The gallery designers Stanton Williams were tasked with “capturing something of the spirit of Islamic architecture” said Suleman. This kind of project can easily fall into the type of pastiche the gallery scrupulously avoids elsewhere. They just about get away with it. The two rooms form an “L” shape—perhaps more accurately a lamshape, the Arabic letter that mirrors its Latin counterpart. Five walnut filigree window screens allow sunlight to illuminate the exhibits, echoing a technique common in grand mosques. The windows’ creator Ahmad Angawi, a Saudi artist, was also inspired by the Mangour screens found on old houses in his native Mecca. The closely-knitted wood allows light in, while protecting the privacy of those inside. (A very Islamic idea of the relation between public and private spaces.)

This kind of traditional aesthetic is increasingly rare in Mecca, which the Saudi authorities have spent the last few decades turning into an ugly marble Disneyland. The regime’s Wahabbi Islam sees the rich cultural diversity accumulated over the religion’s history as mere deviations from the correct path. It is exactly this human history, though, that the British Museum gallery is trying to honour and preserve.

Something else that will annoy Wahabbis is the proliferation of figurative imagery—both animals and people, including prophets and saints. Zeina Klink-Hoppe, another lead curator, told me that they weren’t setting out to make a point: they were simply led by the objects. During focus groups, she told me, some puzzled Muslims asked how their co-religionists could have portrayed humans and animals when it was forbidden in Islam. Rather than shying away from this question, the curators have, quite rightly, tackled it head-on in a dedicated side-case.

The Quran warns against idolatry, and so in mosques calligraphy praising God became the dominant aesthetic along with allusions to paradise in the form of flowers and fruits. But the Quran also says that Jesus, regarded as a prophet, once miraculously breathed life into clay birds he had moulded, a story much relied-on by Muslim figurative artists over the centuries.

To take just two of many examples, here we find a 17th-century Ottoman plate graced with a Madonna and child surrounded by dancing blue tulips and red carnations. Over in Mughal India a century earlier, a folio from an illustrated Hamzanamashows the Prophet Elijah—face uncovered, with a flaming halo—rescuing a drowning prince.

The curators stop short of displaying images of the Prophet Muhammad himself. Again, though, the orthodox prohibition on images of the Prophet has been flouted so often by Muslims in the last thousand years that it can barely be called orthodox.

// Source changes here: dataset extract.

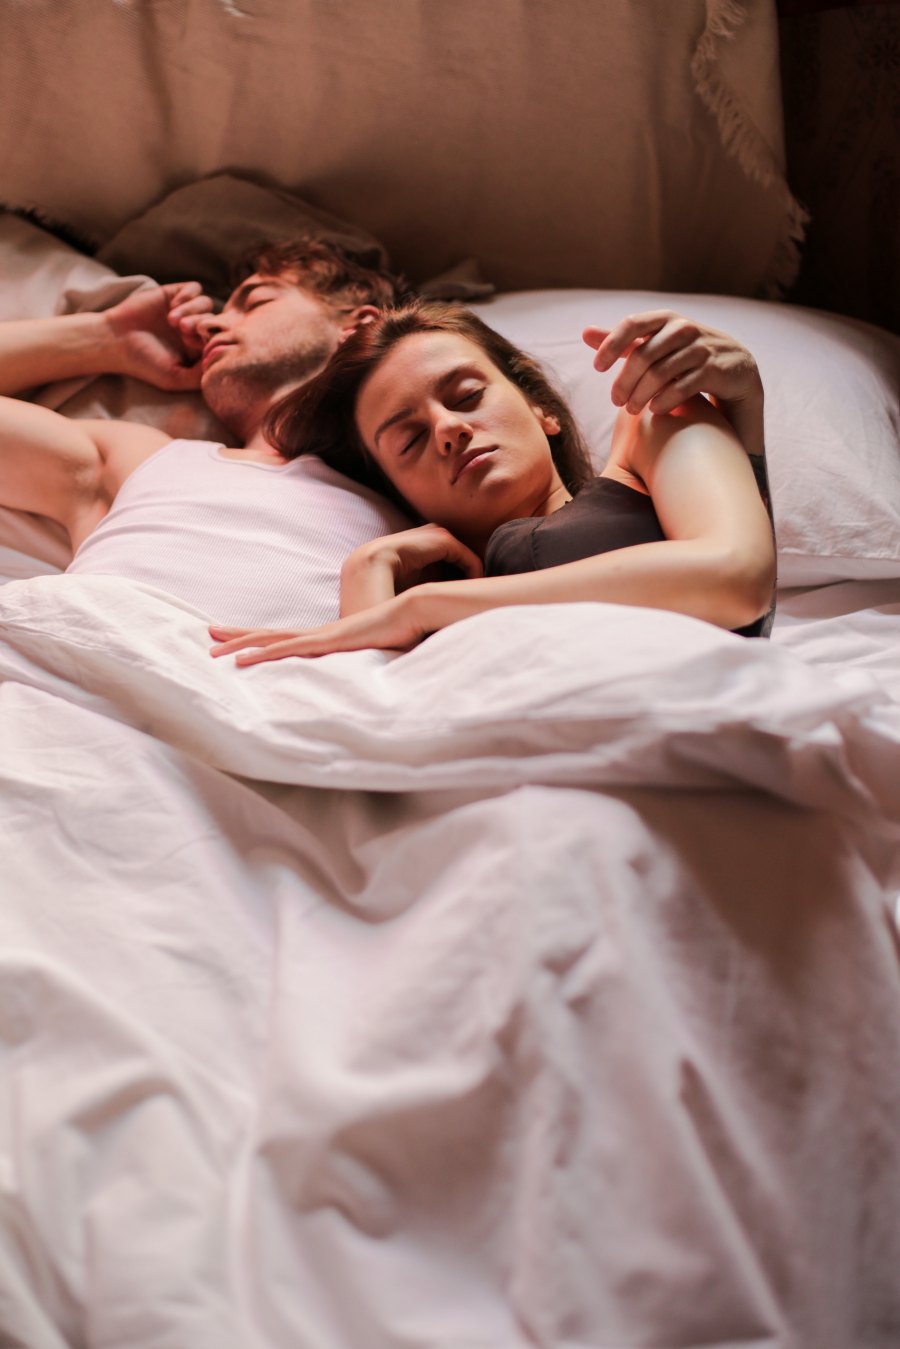 Τι είναι το διαζύγιο ύπνου και πώς μπορεί να ωφελήσει τη σχέση αλλά και την υγεία σου

Any doubters on this front should be given pause for thought by Christiane Gruber’s The Praiseworthy One: The Prophet Muhammad in Islamic Texts and Images, to be published in January 2019, which will be brimming with devotional pictures. In fact, this would be an ideal subject for the rotating exhibition space in the second room currently dedicated to the arabesque. A bold choice, perhaps, but these images should not remain the preserve of academic specialists or be airbrushed from history.

The most fascinating—and unusual—picture in this side-case dates from 1990s Indonesia: it is a glass-painting of Semar, a wise clown figure from Javanese shadow puppet theatre, by the artist Rastika. Semar’s squat body is partly composed of Arabic letters spelling out the declaration of faith: “there is no god but God.”

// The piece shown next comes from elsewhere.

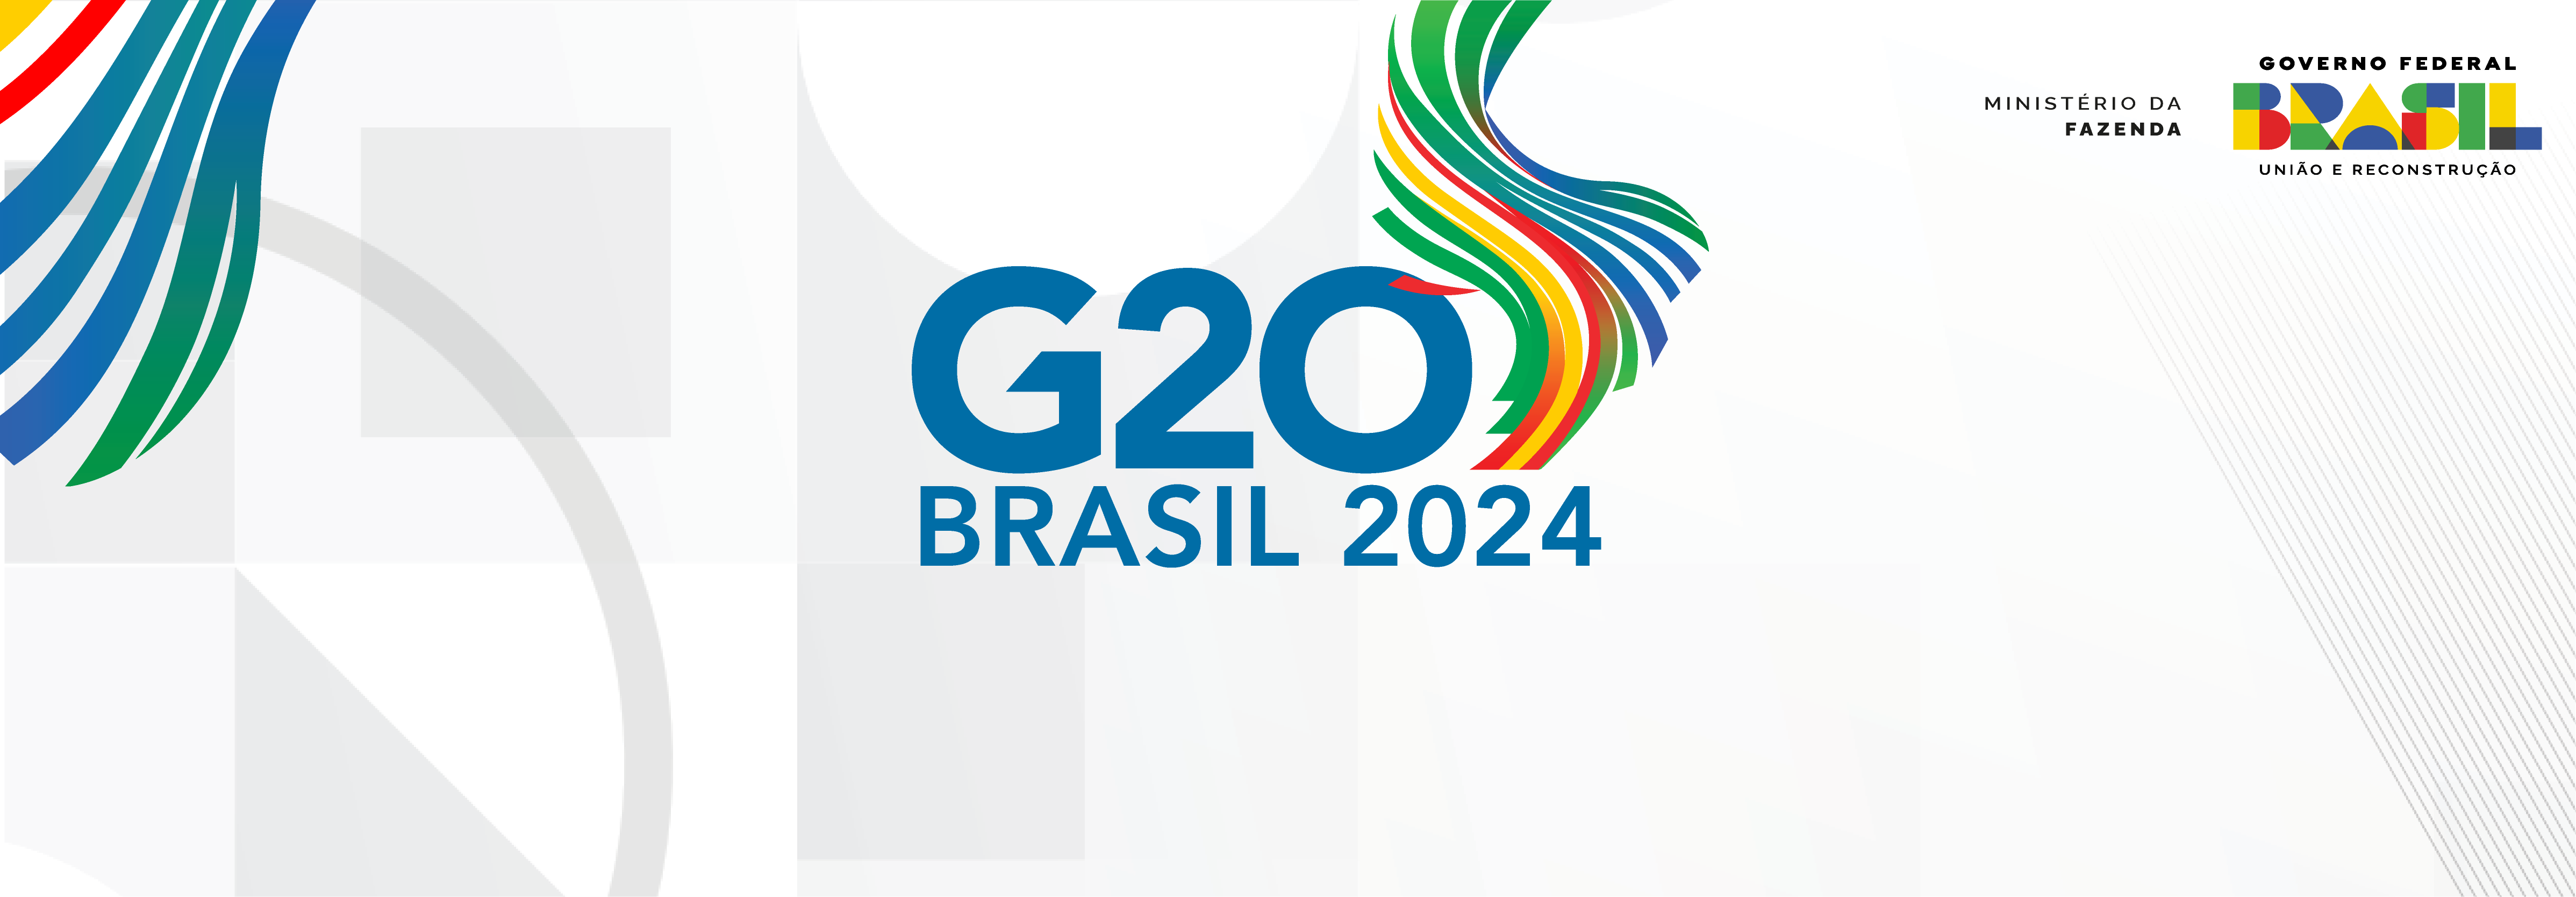 Banner G20 Brasil 2024

The Arabic tradition of calligraphy in the shape of birds or animals is here melded with a character native to Javanese culture, showing how Islam has long been refracted through local cultures. Indonesia, which has the largest Muslim population in the world, is usually left out of the traditional story of Islamic art and this painting, as well as exhibiting a tense yet delicate beauty, is a useful corrective.

Anyone hoping to be awed by more traditional high-cultural items will not be disappointed: there are plenty of stunning works. A 13th-century brass astrolabe made by Abd al-Karim al-Asturlabi—clearly his reputation preceded him—is a gorgeously intricate mechanism dotted with birds, fish and flowers; a Turkish mosque lamp from the Dome of the Rock, a beguiling mix of blue, green and white, has the stately grandeur one would expect of something commissioned by Suleiman the Magnificent.

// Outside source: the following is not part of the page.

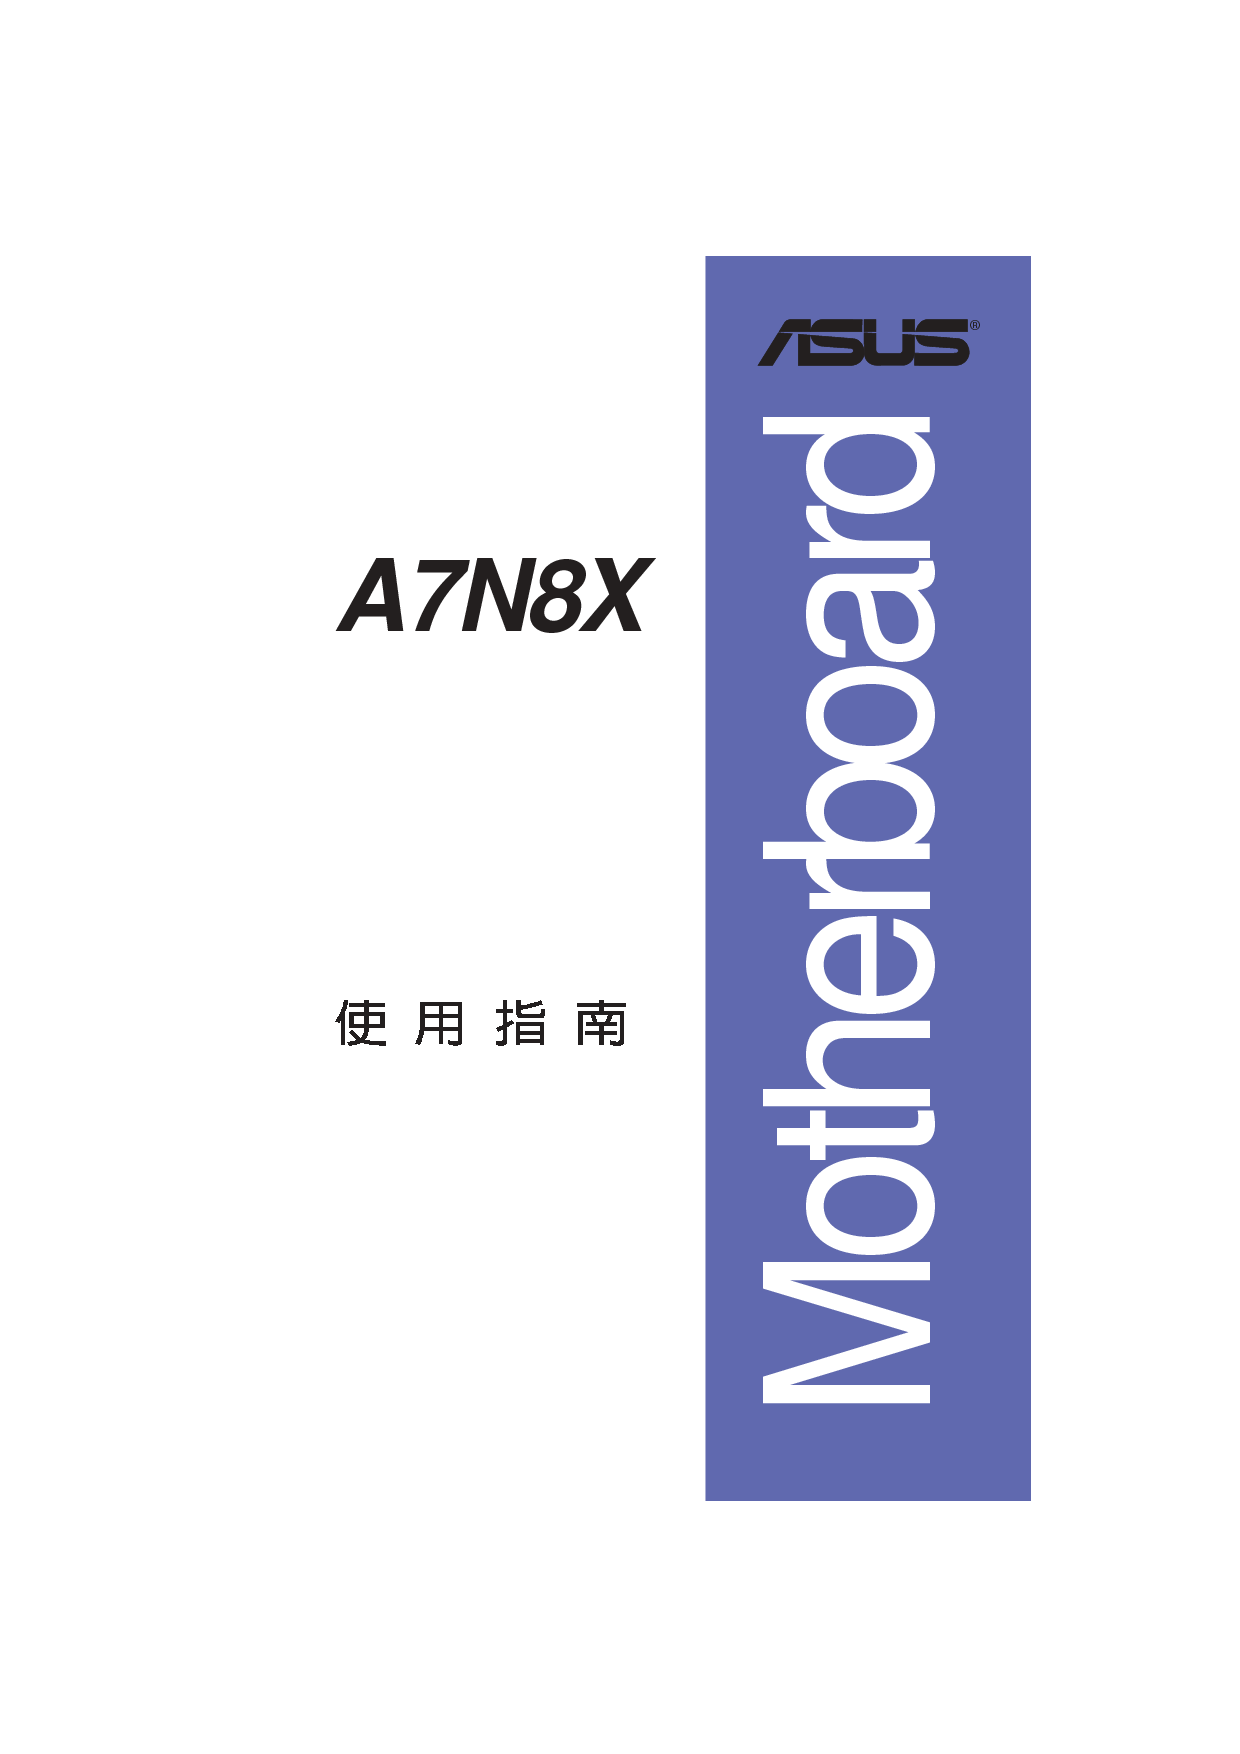 华硕 Asus A7N8X 用户手册 封面

But you can see plenty of this sort of thing at the Metropolitan Museum of Art in New York or the Louvre in Paris. What makes the British Museum’s display distinctive is the equal weight given to everyday things used by ordinary people.

“The luxurious courtly objects tell one side of the story,” said Suleman, “but all the inhabitants [of the Muslim world] were not members of courts.” They were “craftsman, workers, farmers, weavers.”

Clothes are always interesting markers of identity. A pair of women’s silk socks in purple, magenta and rose designed to be worn inside the mosque was evidently quite a fashion statement. Diamond-shaped ties from Turkmenistan are embroidered with a hammer and sickle and the letters CCCP—ways of displaying both a fondness for Turkmen culture and loyalty to the Soviet Union.

A black-and-white felt hat dedicated to Imam Ali, an important figure in Shiism, was worn by a 20th-century dervish while carrying out religious ceremonies. Each of these objects, all made within about a century of each other, embody different pressures, allegiances and cultural nuances in geographically distinct Muslim-majority countries.

Most Islamic art galleries end in the 19th or early 20th centuries. Colonial-era collectors, who corralled most of these objects by fair means or foul, were more interested in a fabulous lost Islamic culture. One strength of this gallery is that it avoids such condescending nostalgia: contemporary Muslims haven’t stopped thinking or creating. As such it showcases modern artists’ creative responses to the traditions of the past and an often-tumultuous present.

Raed Yassin has created a blue-and-white porcelain vase made in Jingdezhen—home to many Chinese Muslims—and painted on scenes from the Lebanese civil war. The Saudi artist Manal al-Dowayan, also using porcelain, made two doves marked with the authorisation stamp women in her country until recently needed in order to travel without a male guardian. The doves symbolise a yearning for freedom, of course, but also nod to the story of Jesus and the clay birds, transforming a canonical story into one that speaks to current dilemmas.

Stern critics might ask what, in fact, connects these varied objects made in the course of 1,400 years by people with multiple cultures, languages and outlooks—what makes them really “Islamic”? That is the question the curators want visitors to ask, forcing them to recalibrate their assumptions about the clean lines often drawn around words like “Islam” and “Muslims.” As Suleman said, “There’s nothing static about Islamic art: you can’t put it in a box,” just as you can’t say, “here’s what you call a Muslim or here’s what you call a person from the Middle East.” Emerging in our own fraught, fractured time, the gallery feels like a quietly radical endeavour.

For British Muslims, as well, this is welcome validation. Walking through the gallery, many will have their own moments of surprised recognition. For me, it was seeing an East African cotton kofiya, a kind of hat shaped like a risen cake and stitched with swirling patterns, of the same kind my late father, born in Zanzibar, would wear on special occasions. It was a strange feeling: part melancholy regret for a culture slipping away from me; part pleasure that a quotidian part of my childhood will now be preserved forever at the British Museum, where it belongs.